As described above, according to the present invention, it is possible to stably provide a semiconductor package capable of reducing electrical connection failure due to blistering or peeling in the solder reflow process.

[Brief description of drawings]

1 shows a semiconductor package of the present invention,
(A) is a sectional view taken along the line II 'of (b), and (b) is a rear view.

[Explanation of symbols]

1. Base substrate 2. Wiring pattern 3. Adhesive 4. Semiconductor chip 5. Gold wire 6. External connection terminal 7. Sealing resin 8. Recess

─────────────────────────────────────────────────── ─── Continuation of front page (72) Inventor Shigeki Ichimura 48 Wadai, Tsukuba, Ibaraki Prefecture Hitachi Chemical Co., Ltd. Tsukuba Development Laboratory (72) Inventor Noriyuki Taguchi 48 Wadai, Tsukuba, Ibaraki Hitachi Chemical Co., Ltd.

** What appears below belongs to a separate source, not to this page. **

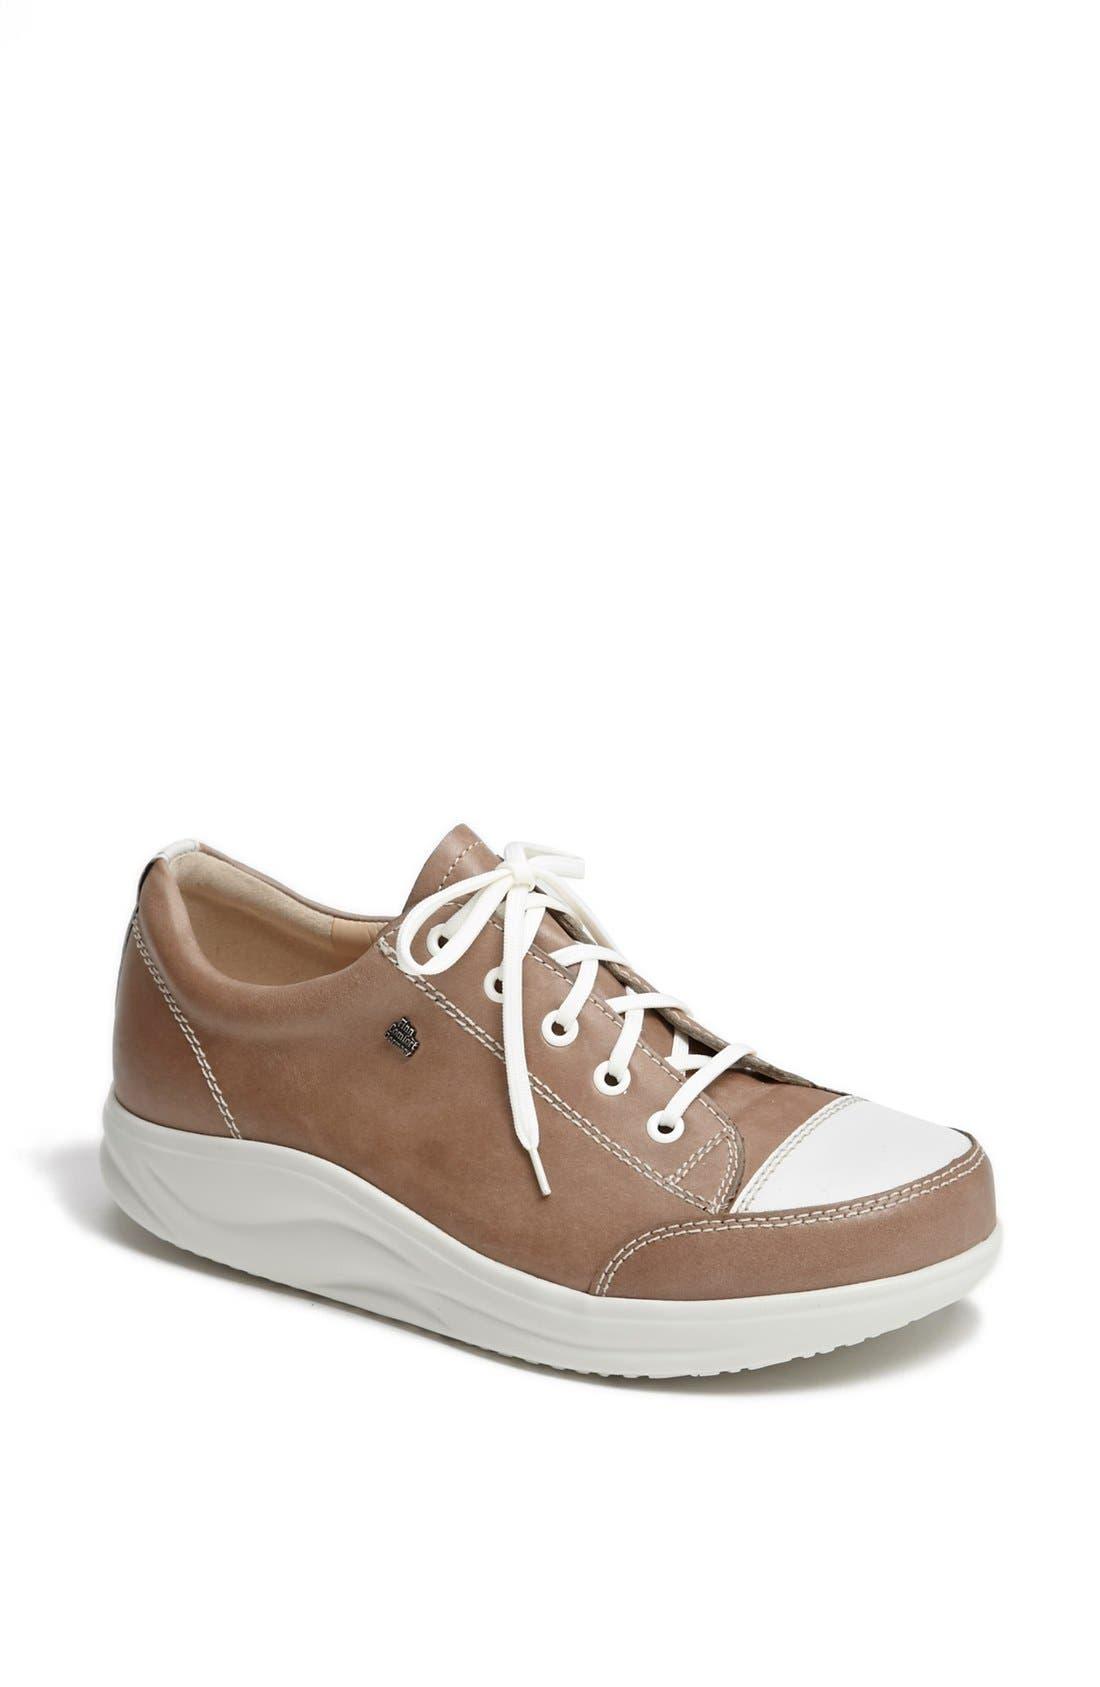 FINNAMIC by Finn Comfort 'Ikebukuro' Walking Shoe

Incorporated company Tsukuba Development Laboratory (56) Reference JP 7-212013 (JP, A) JP 7-169794 (JP, A) JP 5-218107 (JP, A) JP 4- 241444 (JP, A) Actually open 62-145337 (JP, U) Actually open 2-70447 (JP, U) Actually open 1-115247 (JP, U) Special table 7-500947 (JP, A) (58) Fields investigated (Int.Cl. ⁷ , DB name) H01L 23/12

Claims (4)

(57) [Claims] 1. An insulating base substrate having flexibility (A), a wiring pattern formed on one surface of the insulating base substrate and electrically connected to a semiconductor chip electrode, and an external surface formed on the other surface of the insulating base substrate. A semiconductor chip mounting substrate composed of connection terminals, (B) a semiconductor chip which is adhered to the semiconductor chip mounting substrate via an adhesive and is electrically connected to a wiring pattern, and (C) a semiconductor chip is sealed. (D)
In the region where the semiconductor chip is mounted and where the external connection terminal is not provided, there is a recess that penetrates the insulating base substrate and the adhesive and reaches the semiconductor chip, and the opening area is 5
Semiconductor package, which is a 25 mm ^2. 2. The semiconductor package according to claim 1, wherein the adhesive is a film adhesive. To 3. A recess reaching the semiconductor chip, a semiconductor package according to claim 1 or 2, wherein was filled with a predetermined amount of the sealing resin. 4. A wiring pattern formed on one surface of a flexible insulating base substrate and electrically connected to a semiconductor chip electrode, and an external connection terminal formed on the other surface of the insulating base substrate. A through hole penetrating the insulating base substrate is provided in a region where the semiconductor chip is mounted and no external connection terminal is provided, and the opening area is 5 to 2
A semiconductor chip mounting board used for a semiconductor package according to any one of claims 1 to 3 which is 5 mm ^2.